The company had originally planned to finish the review by the end of 2022 but now says it will be done by the second quarter of the year.

“I’d like to move at a good pace, but this is very complex and … folks need to understand that any buyer of these assets is going to want to do significant due diligence,” Nolan said.

But there is “significant interest in the lease here as well as the projects,” he said.

“We are going to get a fair price for these assets,” he added. In the meantime, work on the projects is moving ahead.

Despite earning a record $1.4 billion last year, an increase of 15% from 2021, the company missed Wall Street estimates, reporting adjusted earnings of $4.05/share for the full year and 92 cents/share for the fourth quarter.

Nolan said that Eversource’s customers should see reductions to their bills soon as mild winter weather has reduced consumption and eased gas prices.
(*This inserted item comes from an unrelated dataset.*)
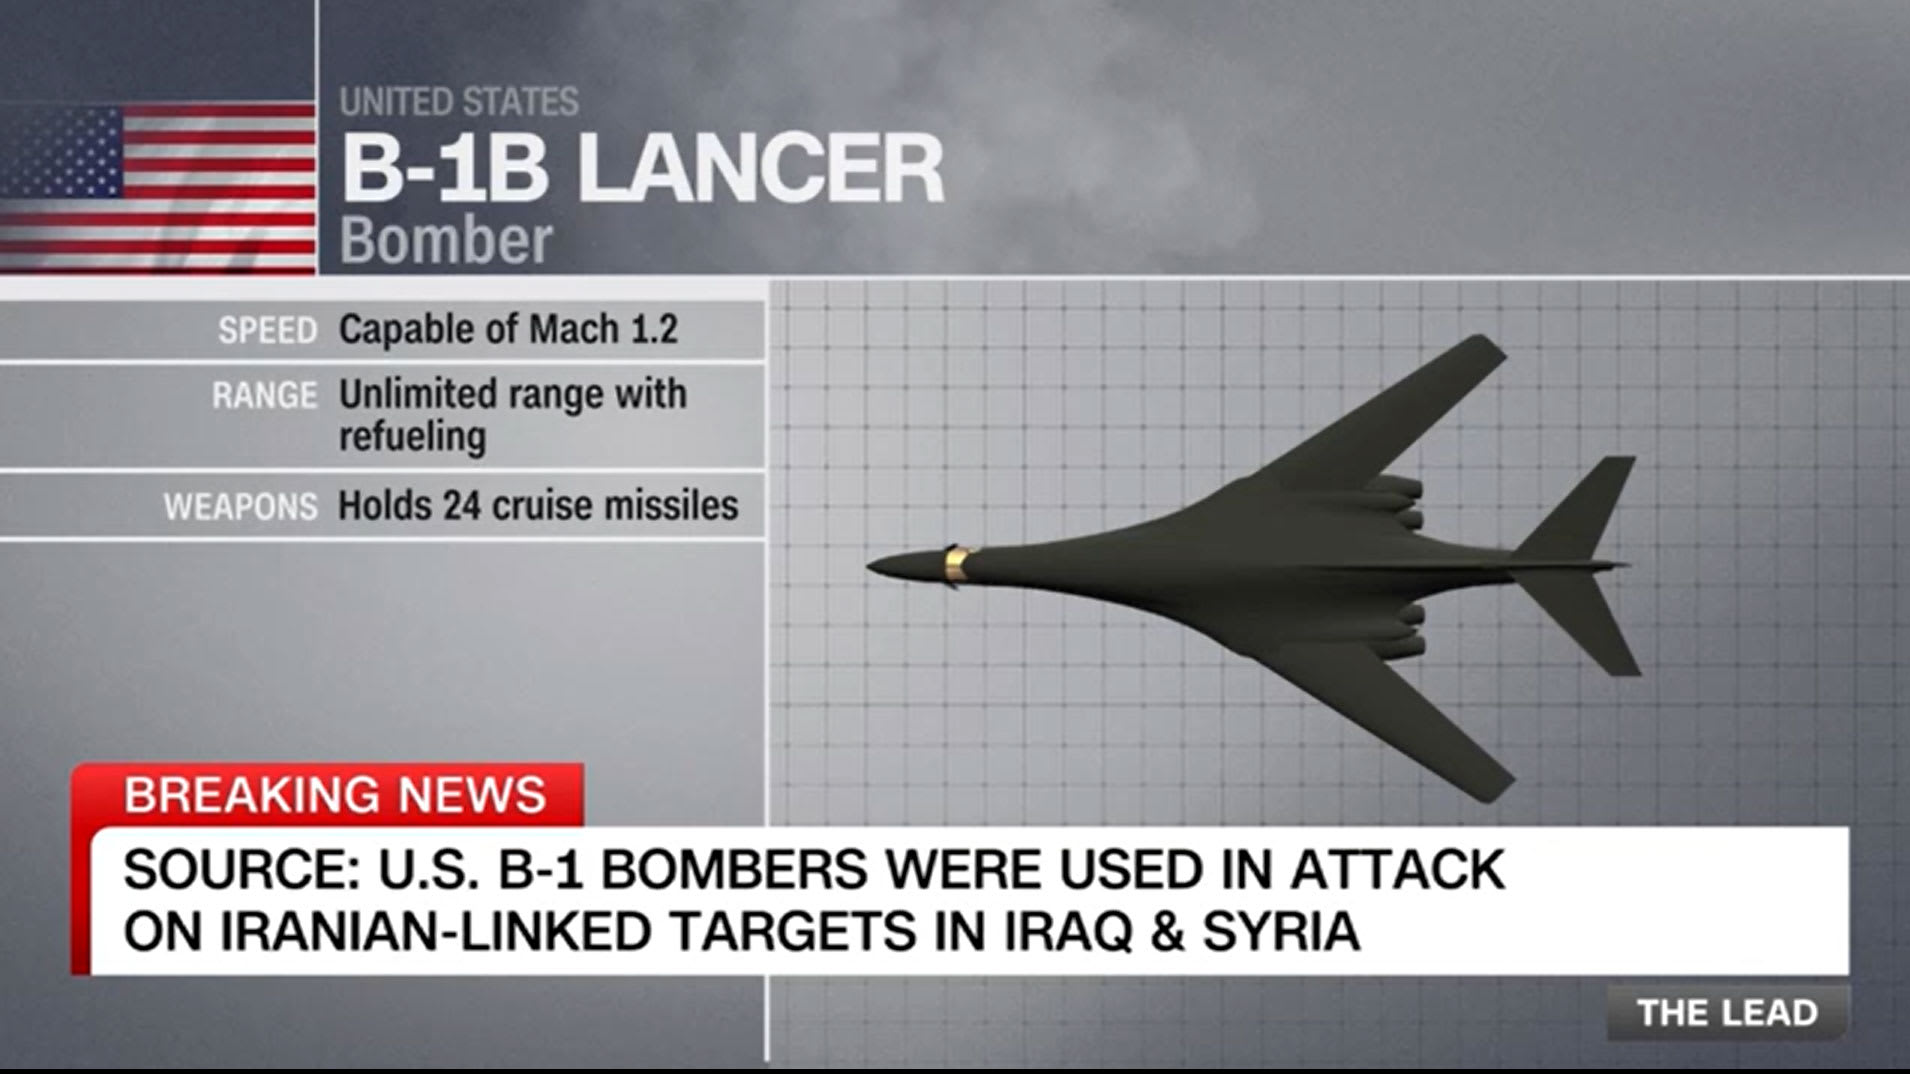 "أكثر من ضربة أنف".. محلل يوضح لـCNN معنى استخدام قاذفات B-1 بالضربة الأمريكية على العراق وسوريا

“For most of our electric customers, lower power supply costs will start to be reflected in bills in July,” he said.

Unitil

Unitil, which serves customers in Massachusetts, Maine and New Hampshire, had a strong 2022, beating estimates and earning $41.4 million, up $5.3 million (24 cents/share) from the previous year.

“The earnings growth reflects higher distribution rates, including recoupment associated with the New Hampshire rate cases, partially offset by higher operating expenses,” CFO Robert Hevert said.

Unitil’s adjusted gross margin increased by more than $12 million thanks to higher rates, colder winter weather and customer growth; the company added 425 new customers on the electric side and 855 for gas.

“2022 certainly had its challenges. Ultimately, we were able to overcome these challenges and finish the year strong,” CEO Thomas Meissner said.